The retail industry received another gift on Friday when the Food and Drug Administration granted emergency use authorization for a second COVID-19 vaccine.
Moderna became the second company after Pfizer-BioNTeh to be issued an emergency use authorization for its COVID-19 vaccine. FDA granted the authorization on Dec. 18, following Pfizer’s authorization on Dec. 11.
“We were able to create and manufacture the Moderna COVID-19 Vaccine in 11 months from sequence to authorization, while advancing clinical development with a Phase 1, Phase 2 and pivotal Phase 3 study of 30,000 participants,” said Moderna CEO Stéphane Bancel. “It has been a 10-year scientific, entrepreneurial and medical journey and I am thankful to all those who have helped us get here today. We remain focused on scaling up manufacturing to help us protect as many people as we can from this terrible disease.”
Moderna said approximately 20 million doses will be delivered to the U.S. government by the end of December 2020. The company expects to have between 100 million and 125 million doses available globally in the first quarter of 2021, with 85-100 million of those available in the U.S. Under Operation Warp Speed, the U.S. Department of Defense, in partnership with Health and Human Services and the Centers for Disease Control and Prevention, will manage allocation and distribution of the vaccine in the U.S.
Moderna’s manufacturing capacity for the COVID-19 vaccine is less than that previously shared by Pfizer-BioNTech.

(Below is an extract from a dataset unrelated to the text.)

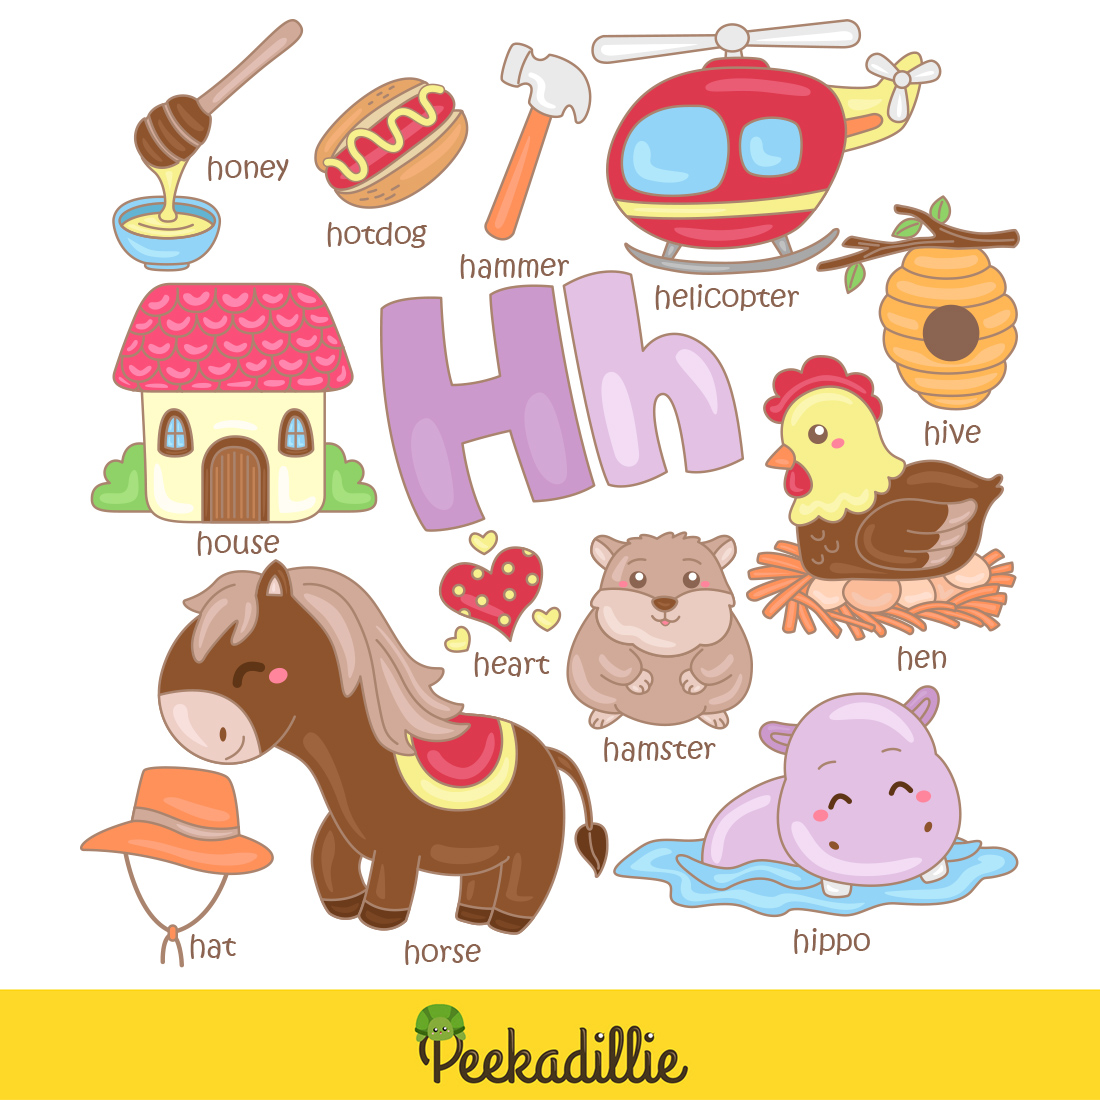 Alphabet H For Vocabulary School Letter Reading Writing Font Study Learning Student Toodler Kids Hive Hamster Heart Honey Horse House Hat Hotdog Hippo Helicopter Hen Cartoon Illustration Vector Clipart preview image.
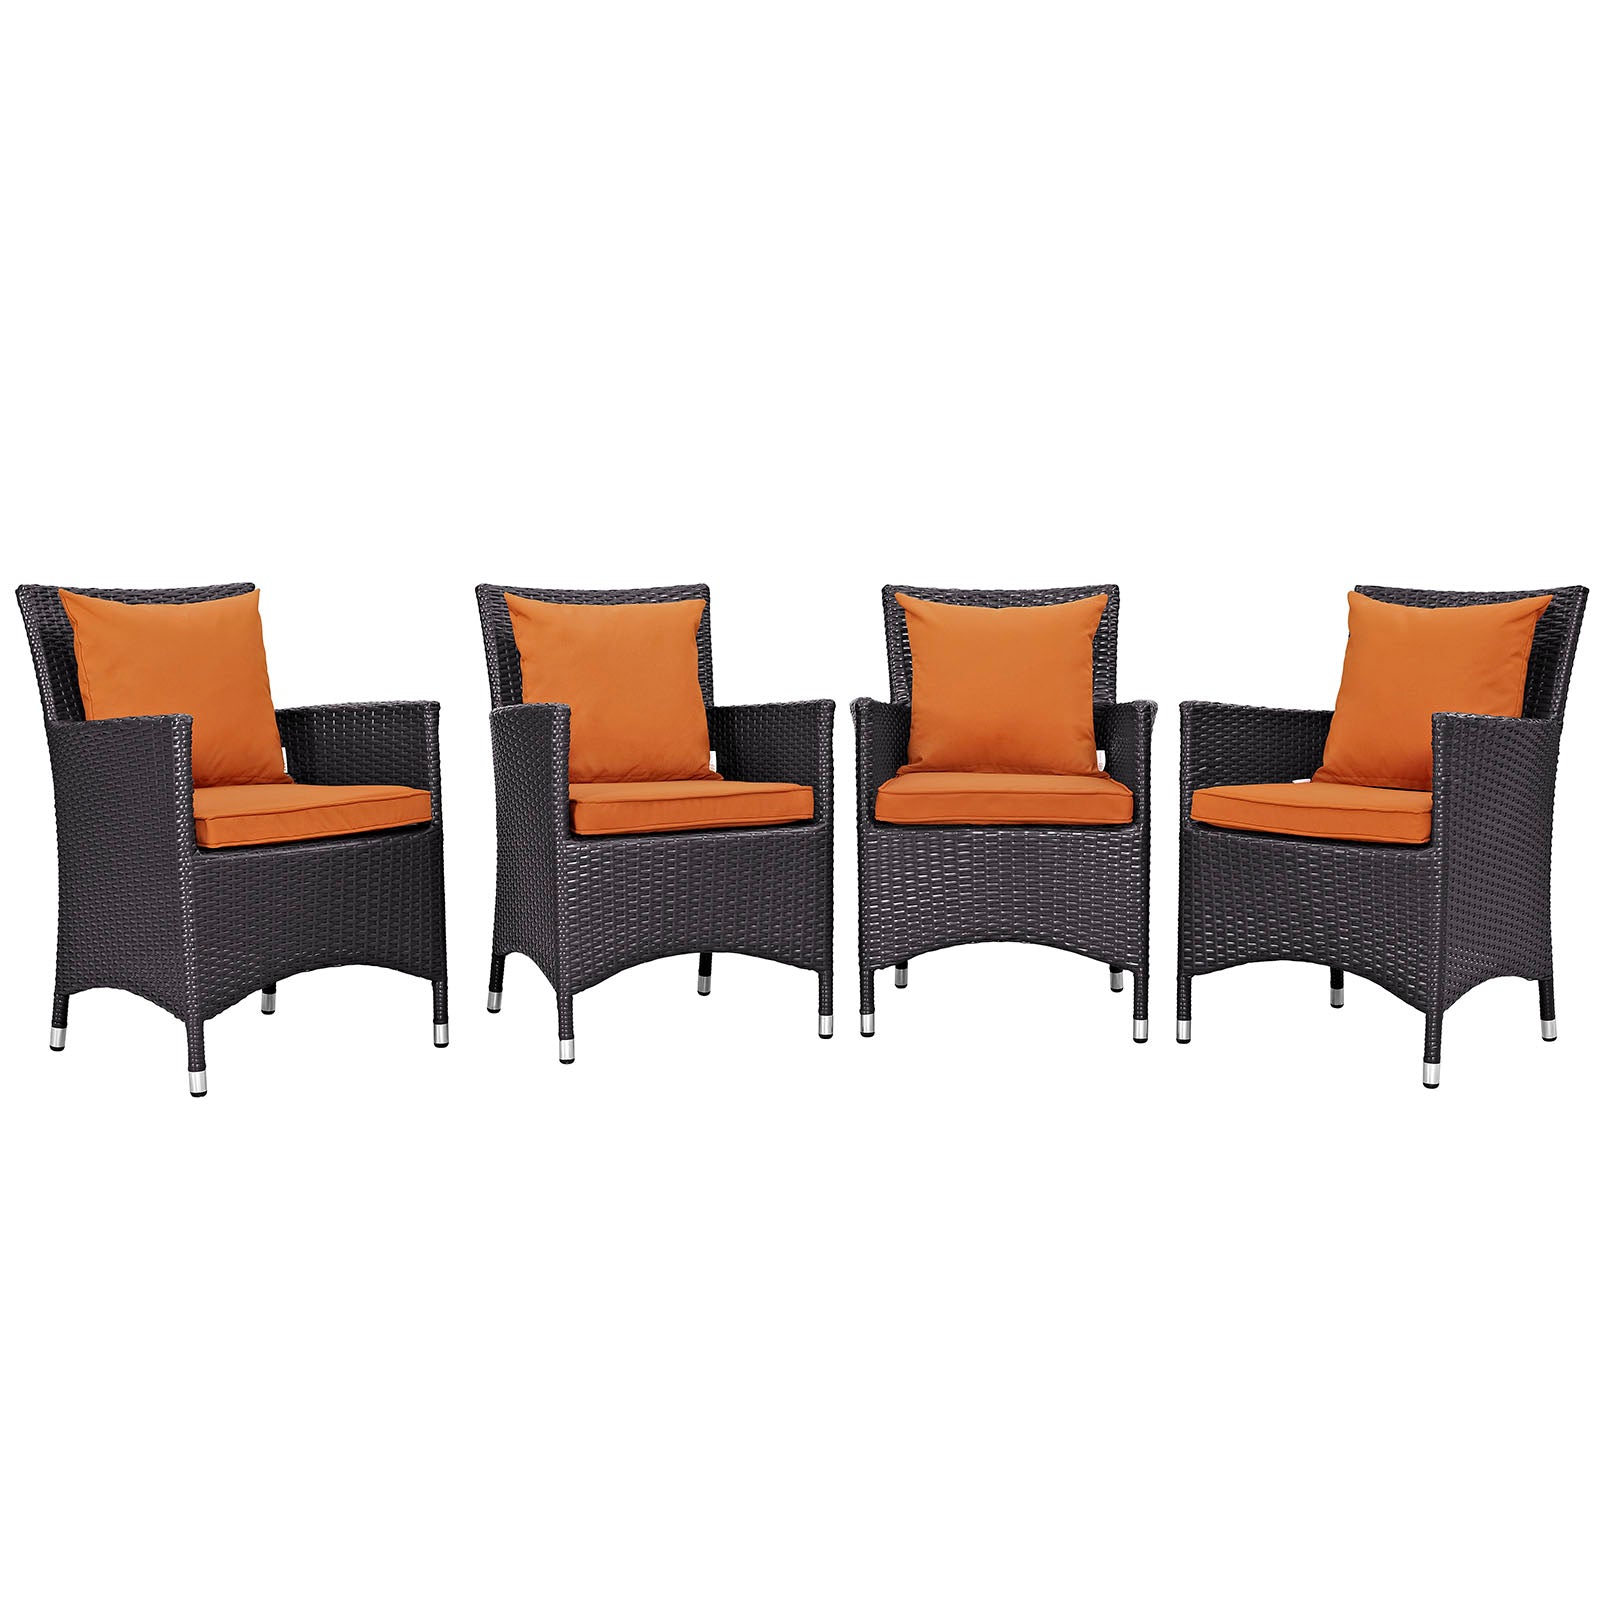 Convene 4 Piece Outdoor Patio Dining Set-Outdoor Dining Set-Modway-Wall2Wall Furnishings

Those companies maintained at the time of their authorization that they had the ability to manufacture 50 million doses this year and 1.3 billion doses next year.
Other differences related to efficacy and administration. The Moderna vaccine was 94.1% effective in clinical trials and is administered in two injections one month apart. The Pfizer-BioNTech clinical data showed a 95% efficacy rate for dual injections administered three weeks apart.
A potential single dose vaccine from Johnson & Johnson’s Janssen subsidiary is currently in Phase 3 trial, the final phase before an emergency use authorization could be granted. The company recently said its trial was fully enrolled and it expects to receive interim data on efficacy in January 2021. If the data indicate the vaccine is safe and effective, the company said it would see emergency use authorization from FDA in February.